Segment Start: Exercise data
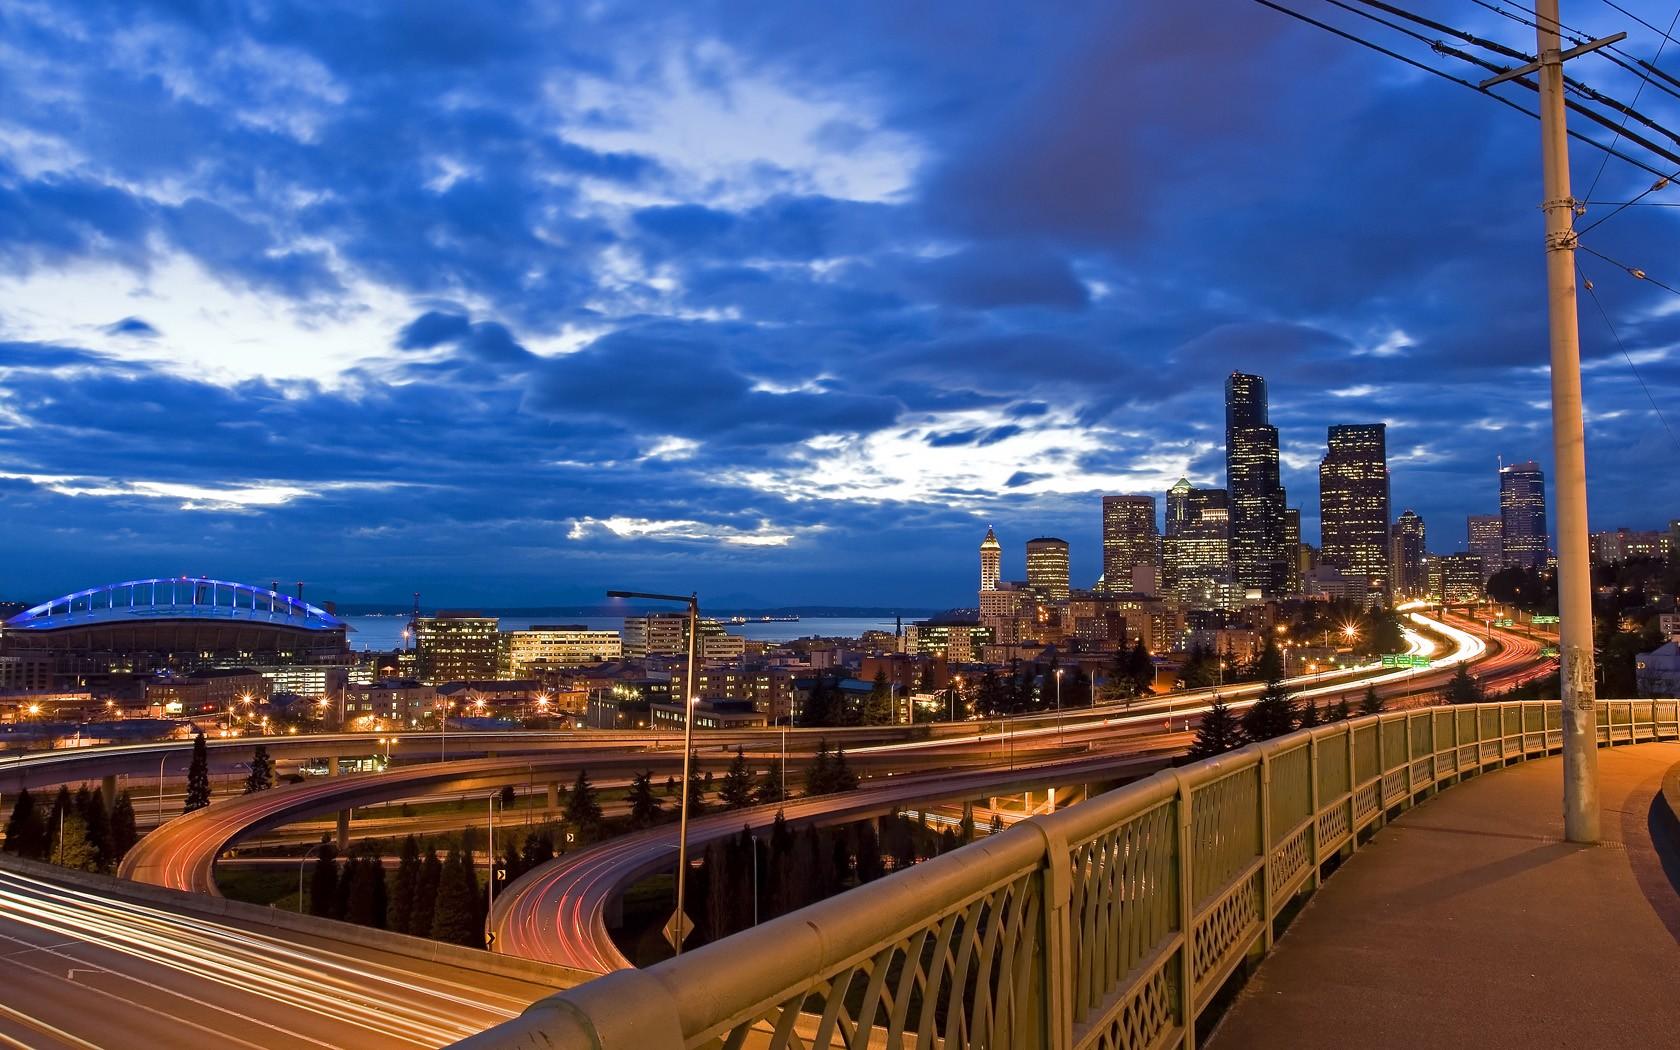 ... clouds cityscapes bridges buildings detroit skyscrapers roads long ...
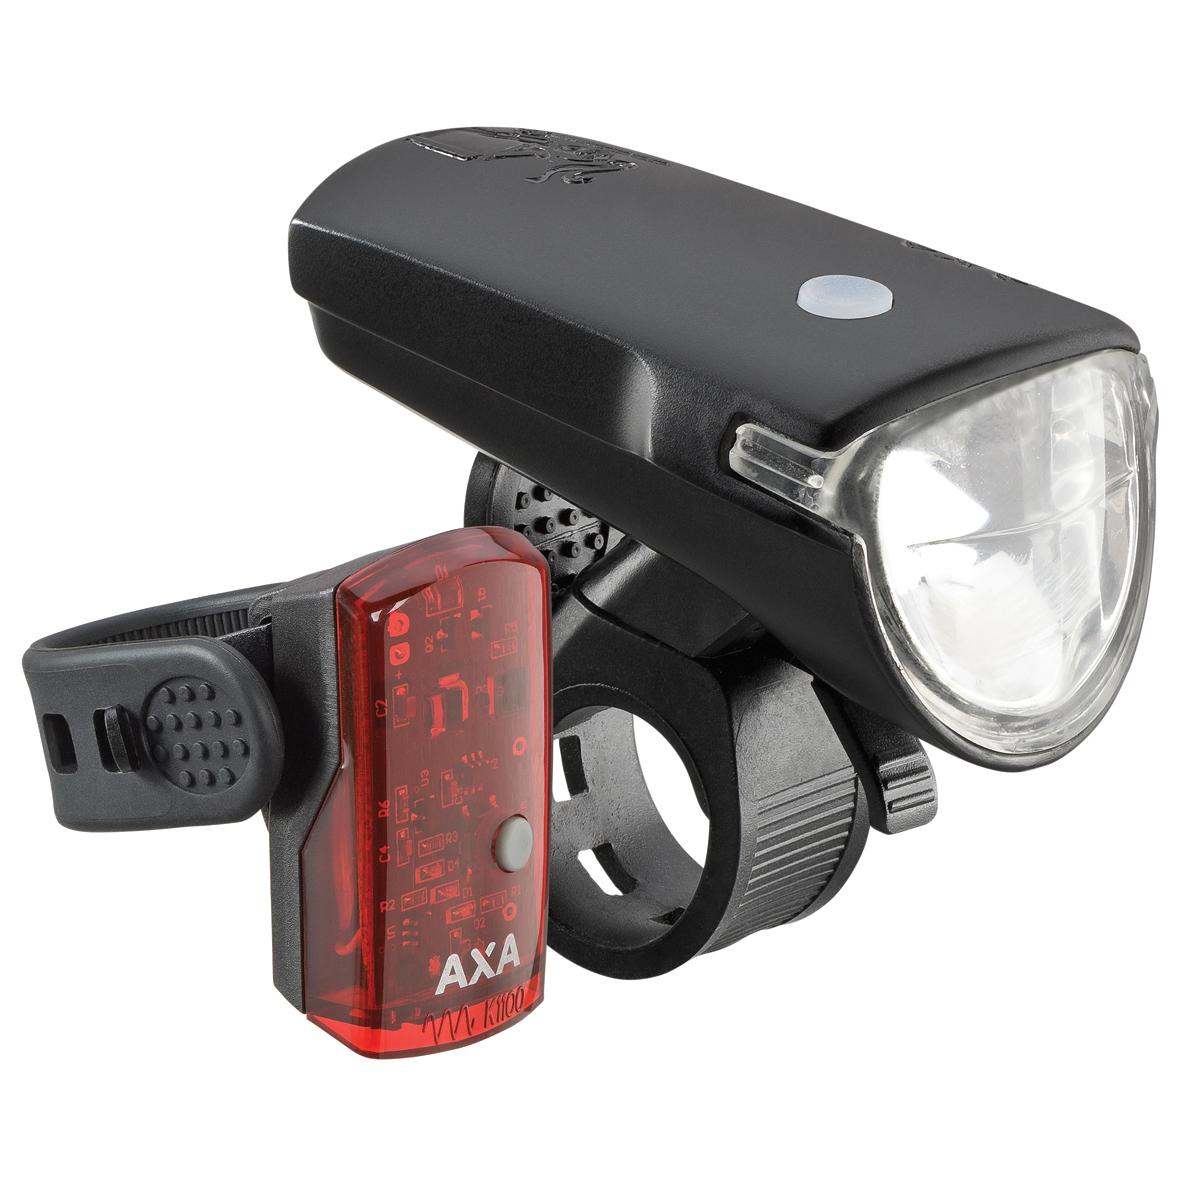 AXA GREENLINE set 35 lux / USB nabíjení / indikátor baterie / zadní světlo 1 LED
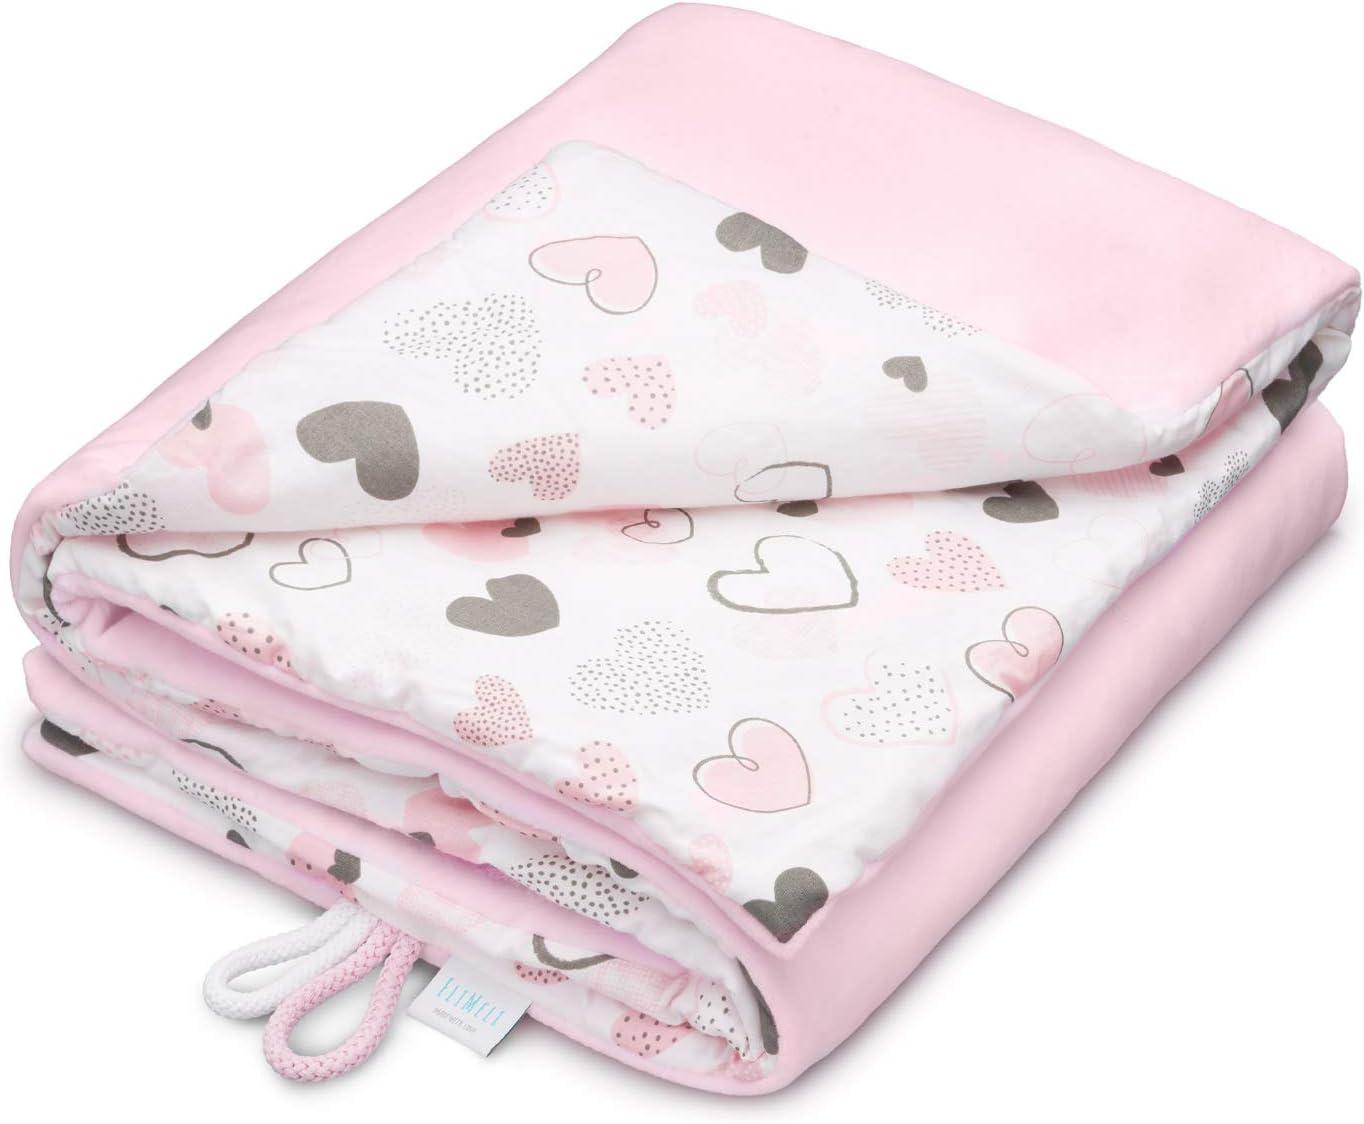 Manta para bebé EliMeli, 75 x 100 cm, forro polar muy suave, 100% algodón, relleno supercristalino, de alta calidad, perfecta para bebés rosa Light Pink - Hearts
Segment End: Exercise data
> [Exercise directions]:
Repeat each line word for word, from the one with "AXA GREENLINE set" down to the last line of the data, and keep the pictures out of it.

> [Exercise output]:
 AXA GREENLINE set 35 lux / USB nabíjení / indikátor baterie / zadní světlo 1 LED
 Manta para bebé EliMeli, 75 x 100 cm, forro polar muy suave, 100% algodón, relleno supercristalino, de alta calidad, perfecta para bebés rosa Light Pink - Hearts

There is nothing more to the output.